The solutions in this chapter are heavily rooted in prior knowledge of Ordinary Differential Equations. Readers should have a prior knowledge of that subject before reading this chapter.

The state equation is a first-order linear differential equation, or (more precisely) a system of linear differential equations. Because this is a first-order equation, we can use results from Ordinary Differential Equations to find a general solution to the equation in terms of the state-variable x. Once the state equation has been solved for x, that solution can be plugged into the output equation. The resulting equation will show the direct relationship between the system input and the system output, without the need to account explicitly for the internal state of the system. The sections in this chapter will discuss the solutions to the state-space equations, starting with the easiest case (Time-invariant, no input), and ending with the most difficult case (Time-variant systems).

## Solving for x(t) With Zero InputEdit

Looking again at the state equation:

$x' = Ax(t) + Bu(t)$

We can see that this equation is a first-order differential equation, except that the variables are vectors, and the coefficients are matrices. However, because of the rules of matrix calculus, these distinctions don't matter. We can ignore the input term (for now), and rewrite this equation in the following form:

$\frac{dx(t)}{dt} = Ax(t)$

And we can separate out the variables as such:

$\frac{dx(t)}{x(t)} = A dt$

Integrating both sides, and raising both sides to a power of e, we obtain the result:

$x(t) = e^{At+C}$

Where C is a constant. We can assign D = eC to make the equation easier, but we also know that D will then be the initial conditions of the system. This becomes obvious if we plug the value zero into the variable t. The final solution to this equation then is given as:

$x(t) = e^{A(t-t_0)}x(t_0)$

We call the matrix exponential eAt the state-transition matrix, and calculating it, while difficult at times, is crucial to analyzing and manipulating systems. We will talk more about calculating the matrix exponential below.

## Solving for x(t) With Non-Zero InputEdit

If, however, our input is non-zero (as is generally the case with any interesting system), our solution is a little bit more complicated. Notice that now that we have our input term in the equation, we will no longer be able to separate the variables and integrate both sides easily.

$x'(t) = Ax(t) + Bu(t)$

We subtract to get the $Ax(t)$ on the left side, and then we do something curious; we premultiply both sides by the inverse state transition matrix:

$e^{-At}x'(t) - e^{-At}Ax(t) = e^{-At}Bu(t)$

The rationale for this last step may seem fuzzy at best, so we will illustrate the point with an example:

### ExampleEdit

Take the derivative of the following with respect to time:

$e^{-At}x(t)$

The product rule from differentiation reminds us that if we have two functions multiplied together:

$f(t)g(t)$

and we differentiate with respect to t, then the result is:

$f(t)g'(t) + f'(t)g(t)$

If we set our functions accordingly:

$f(t) = e^{-At}\qquad f'(t) = -Ae^{-At}$
$g(t) = x(t)\qquad g'(t) = x'(t)$

Then the output result is:

$e^{-At}x'(t) - e^{-At}Ax(t)$

If we look at this result, it is the same as from our equation above.

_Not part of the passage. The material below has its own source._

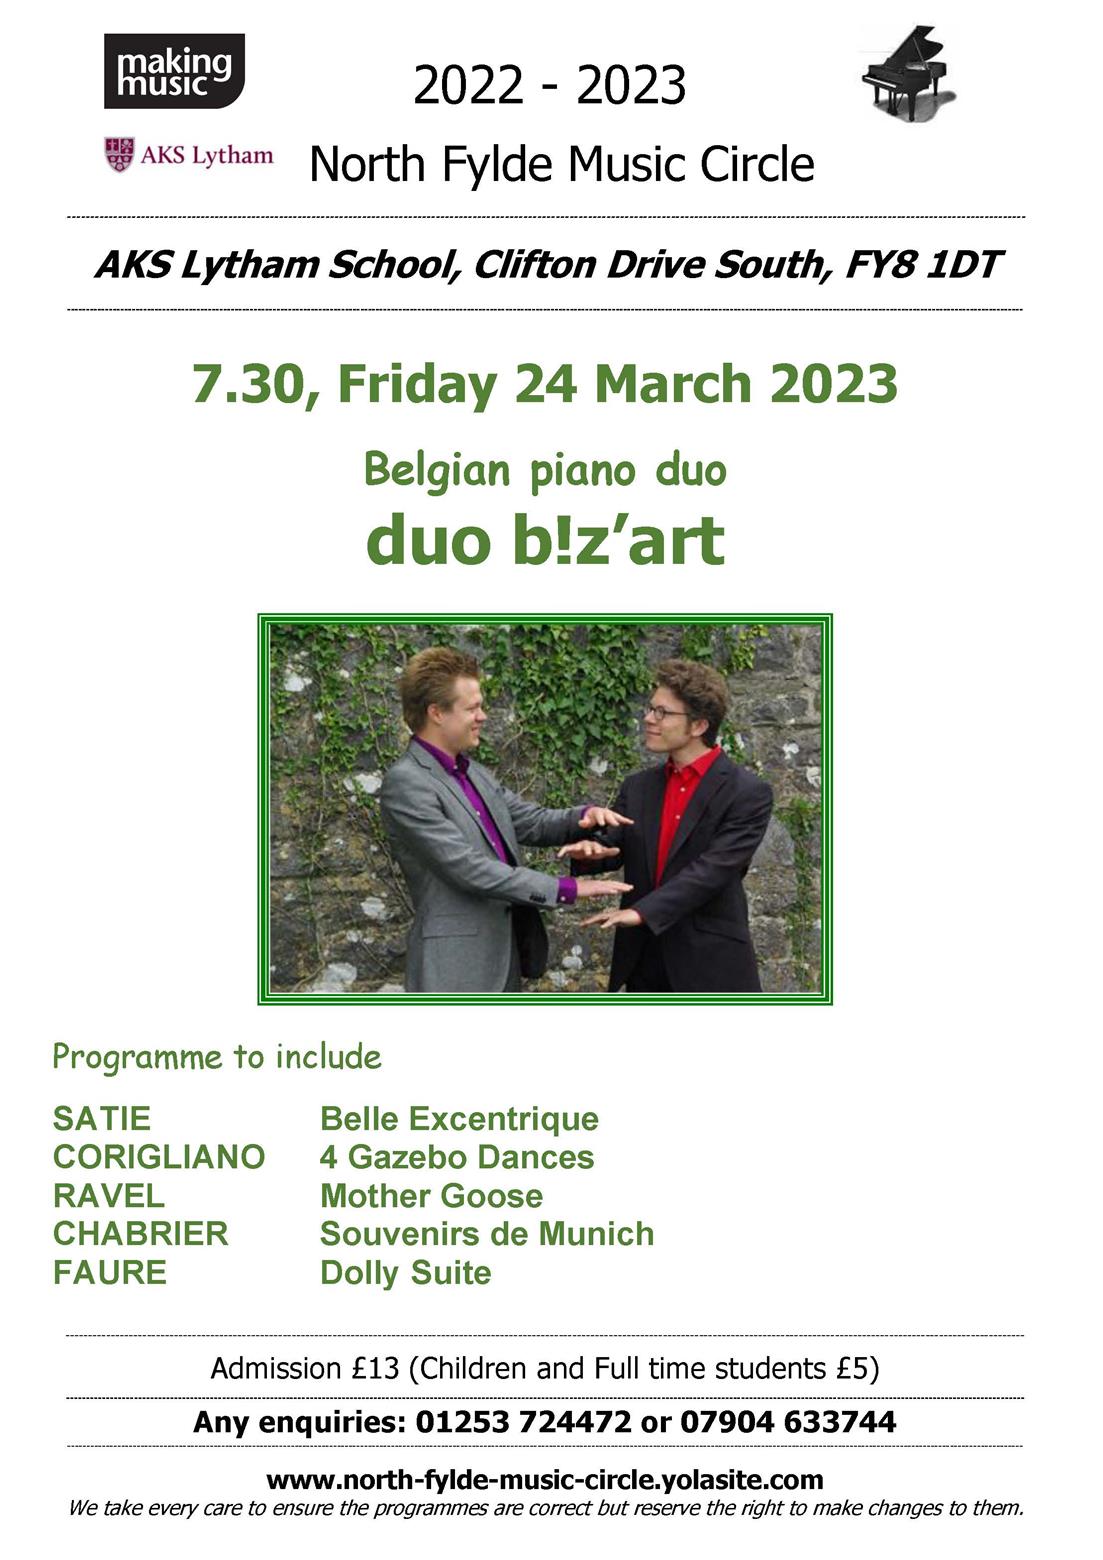 North Fylde Music Circle - Belgian piano duo - Duo B!z'art

Using the result from our example, we can condense the left side of our equation into a derivative:

$\frac{d(e^{-At}x(t))}{dt} = e^{-At}Bu(t)$

Now we can integrate both sides, from the initial time (t0) to the current time (t), using a dummy variable τ, we will get closer to our result. Finally, if we premultiply by eAt, we get our final result:

[General State Equation Solution]

$x(t) = e^{A(t-t_0)}x(t_0) + \int_{t_0}^{t}e^{A(t - \tau)}Bu(\tau)d\tau$

If we plug this solution into the output equation, we get:

[General Output Equation Solution]

$y(t) = Ce^{A(t-t_0)}x(t_0) + C\int_{t_0}^{t}e^{A(t - \tau)}Bu(\tau)d\tau + Du(t)$

This is the general Time-Invariant solution to the state space equations, with non-zero input. These equations are important results, and students who are interested in a further study of control systems would do well to memorize these equations.

## State-Transition MatrixEdit

Engineering Analysis

The state transition matrix, eAt, is an important part of the general state-space solutions for the time-invariant cases listed above. Calculating this matrix exponential function is one of the very first things that should be done when analyzing a new system, and the results of that calculation will tell important information about the system in question.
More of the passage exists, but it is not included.